Newswise — Scientists at the University of Virginia School of Medicine have developed a tool to monitor communications within the brain in a way never before possible, and their creation has already offered an explanation for why Alzheimer’s drugs have limited effectiveness and why patients get much worse after going off of them.
The researchers expect their new method will have tremendous impact on our understanding of depression, sleep disorders, autism, neurological diseases and major psychiatric conditions. It will speed scientific research into the workings of the brain, they say, and facilitate the development of new treatments.
“We can now ‘see’ how brain cells communicate in sharp detail in both the healthy and diseased brains,” said lead researcher J. Julius Zhu, PhD, of UVA’s Department of Pharmacology.

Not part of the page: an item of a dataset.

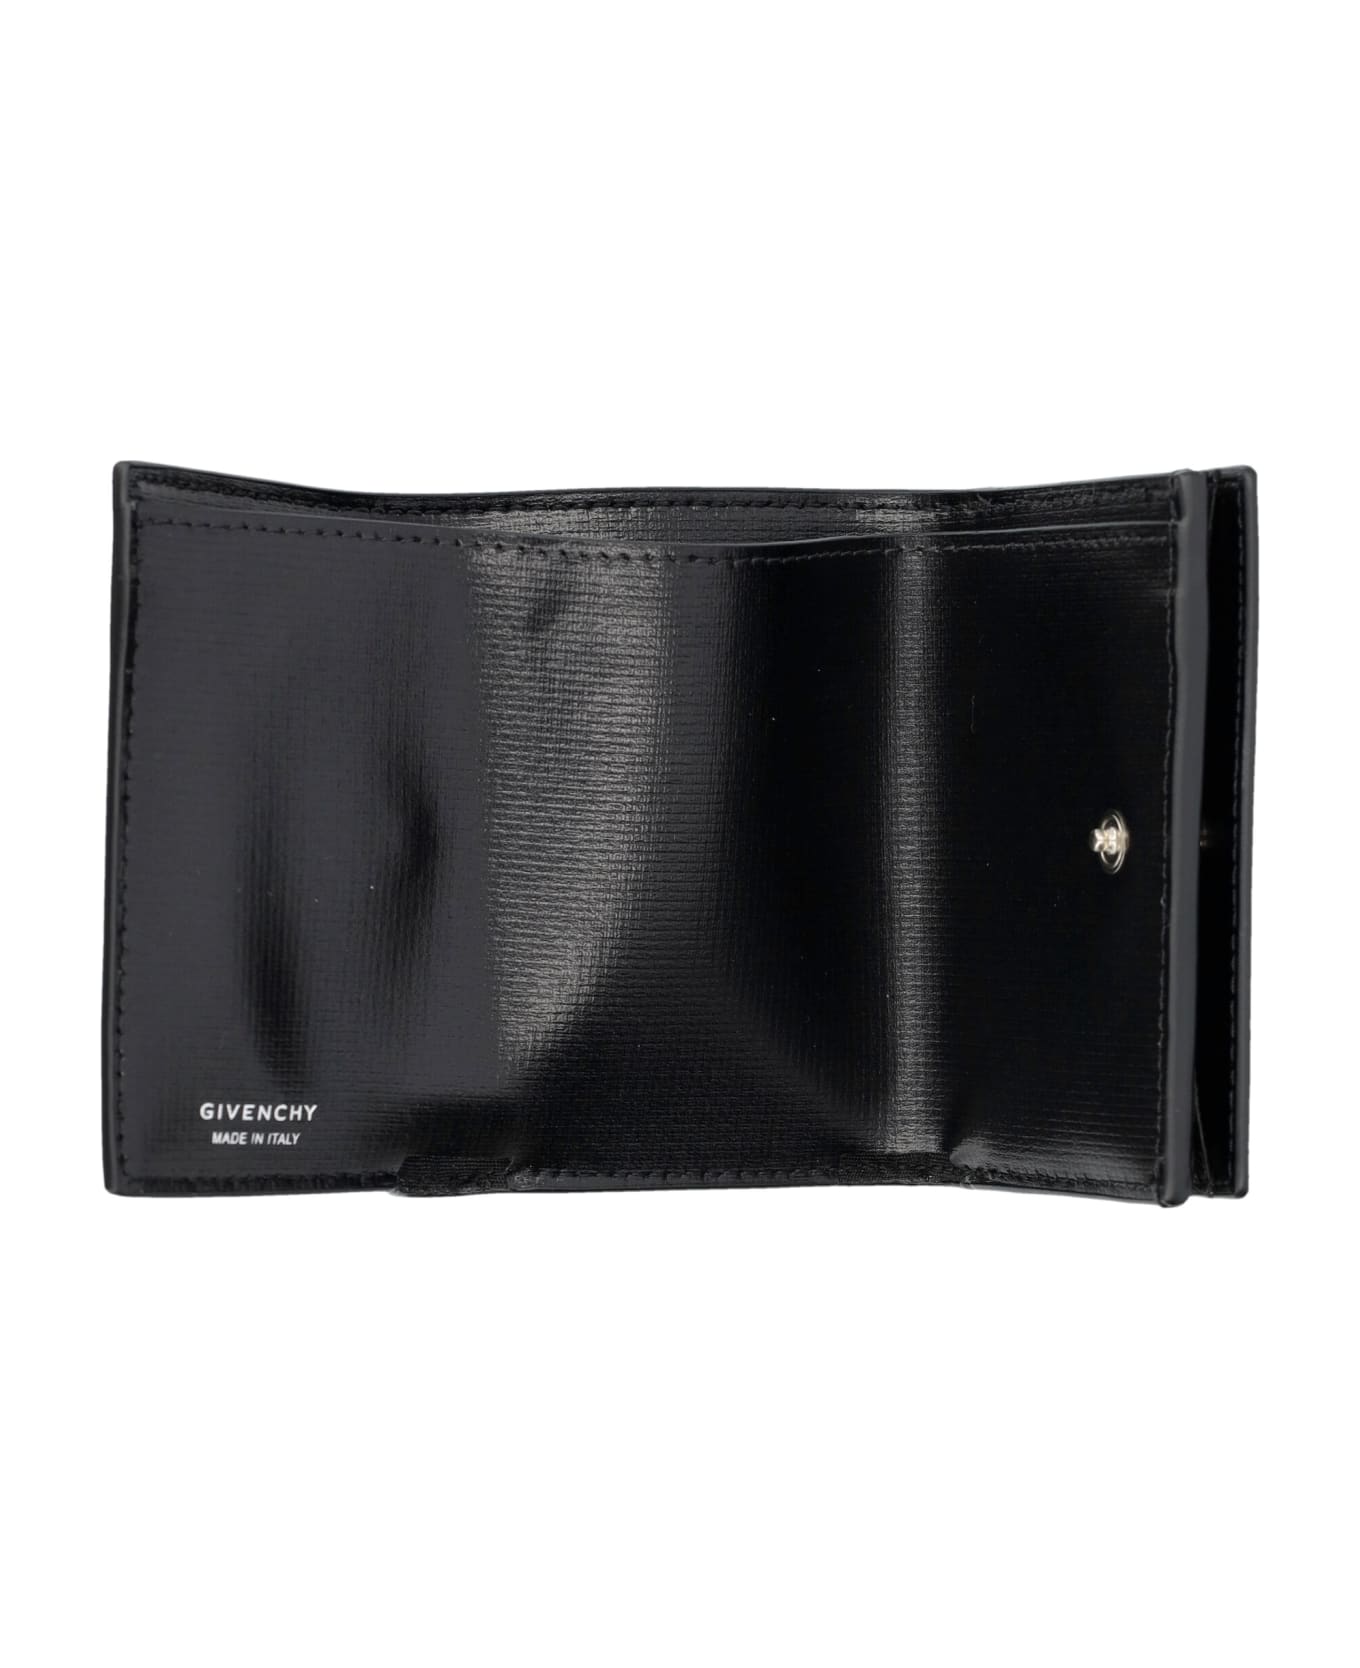 Givenchy Compact Wallet - NAVY/BLACK
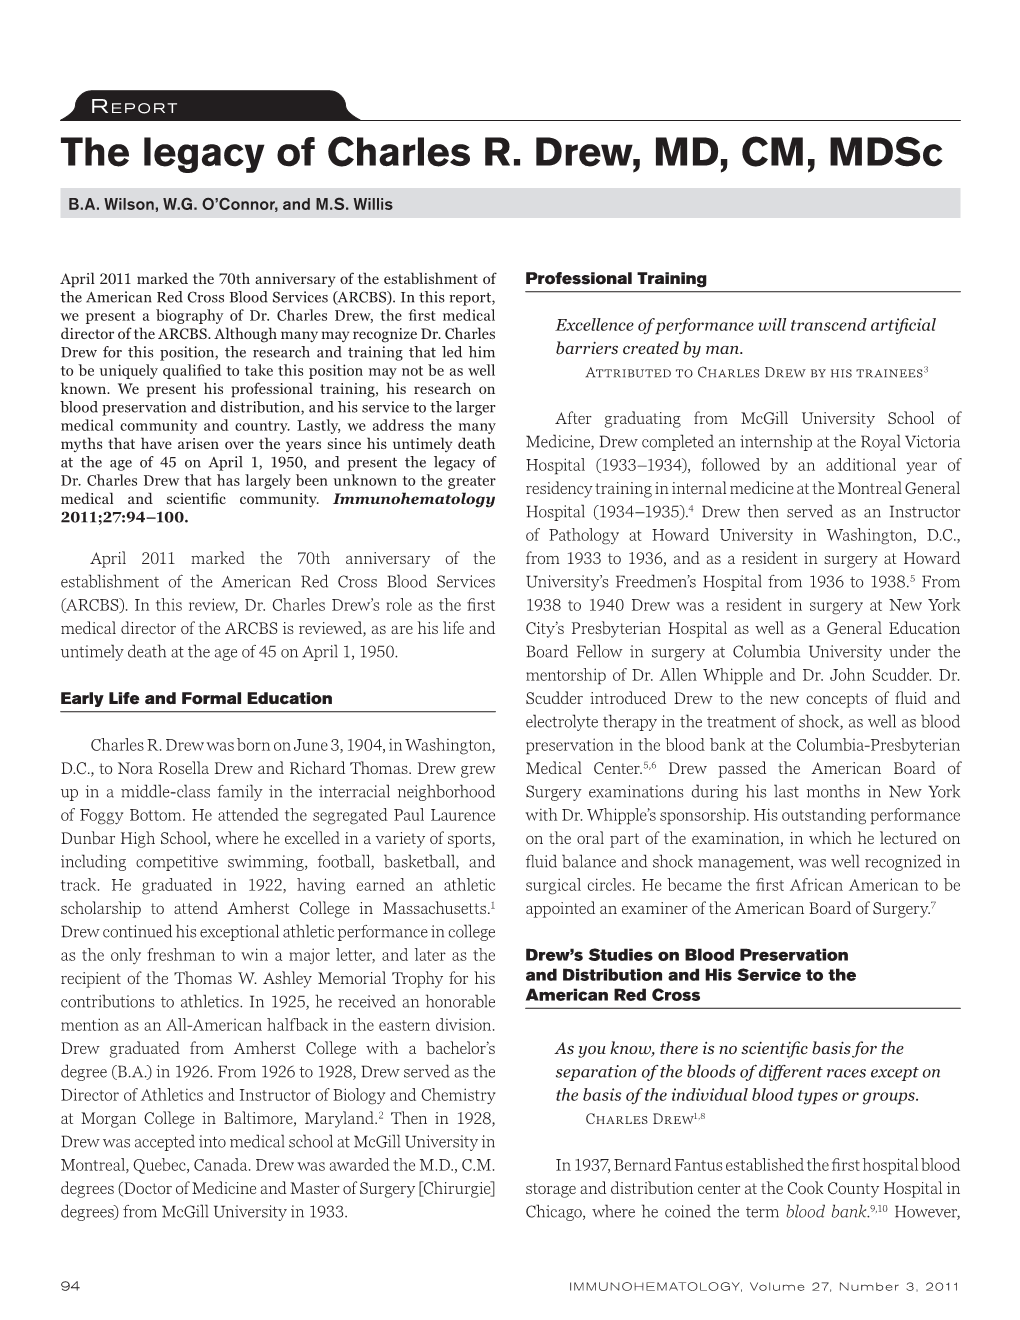 The Legacy of Charles R. Drew, MD, CM, Mdsc

The new method developed by Zhu and his collaborators lets scientists examine transmissions inside the brain at both the microscopic level and the far, far smaller nanoscopic level. It combines a biological “sensor” with two different forms of cutting-edge imaging.
The approach can quantify “neuromodulatory” transmissions, which are associated with major brain disorders, including addiction, Alzheimer’s, depressive disorders and schizophrenia. They’re also linked to autism, epilepsy, eating disorders and sleep disorders.
Neuromodulatory transmissions are the “slower” transmissions in the brain. They’re typically thought to involve lots of neurons in large regions. That’s in contrast to the much faster transmissions that happen neuron-to-neuron.
But Zhu’s new tool has already shown it’s not that simple.
In Alzheimer’s disease, Zhu and his colleagues discovered a surprising degree of “fine control and precision” in the supposedly shotgun neuromodulatory transmissions. Widely used Alzheimer’s drugs known as acetylcholinesterase inhibitors may inhibit this precise communication, the scientists report. That may explain the limited effectiveness of the drugs, they say.
The researchers went on to identify potential changes in the brain that could be brought about by long-term use of the drugs, which could explain why patients often get much worse when they stop taking them. “The new method points out Alzheimer’s defects in the unprecedented spatial and temporal resolution, defining the precise targets for medicine,” Zhu said.
Alzheimer’s, the researchers say, is just the tip of the iceberg. The new system has “broad applicability” across the spectrum of neurological and psychiatric diseases and disorders, they report in two new scientific papers. In the years to come, the scientists predict, it will help doctors understand neurological illnesses and psychiatric problems, screen drugs for potential treatments, identify disease-causing genes and develop better, more personalized medicine tailored for specific patient needs.
“If we see problems,” Zhu said, “we will be ready to treat them.”
The researchers have described new approach and their findings in the scientific journals Molecular Psychiatry and Nano Letters. The research teams consisted of Li Lin, Smriti Gupta, W. Sharon Zheng, Ke Si and Zhu, and Paula K. Zhu, W. Sharon Zheng, Peng Zhang, Miao Jing, Philip M. Borden, Farhan Ali, Kaiming Guo, Jiesi Feng, Jonathan S. Marvin, Yali Wang, Jinxia Wan, Li Gan, Alex C. Kwan, Li Lin, Loren L. Looger, Yulong Li and Yajun Zhang.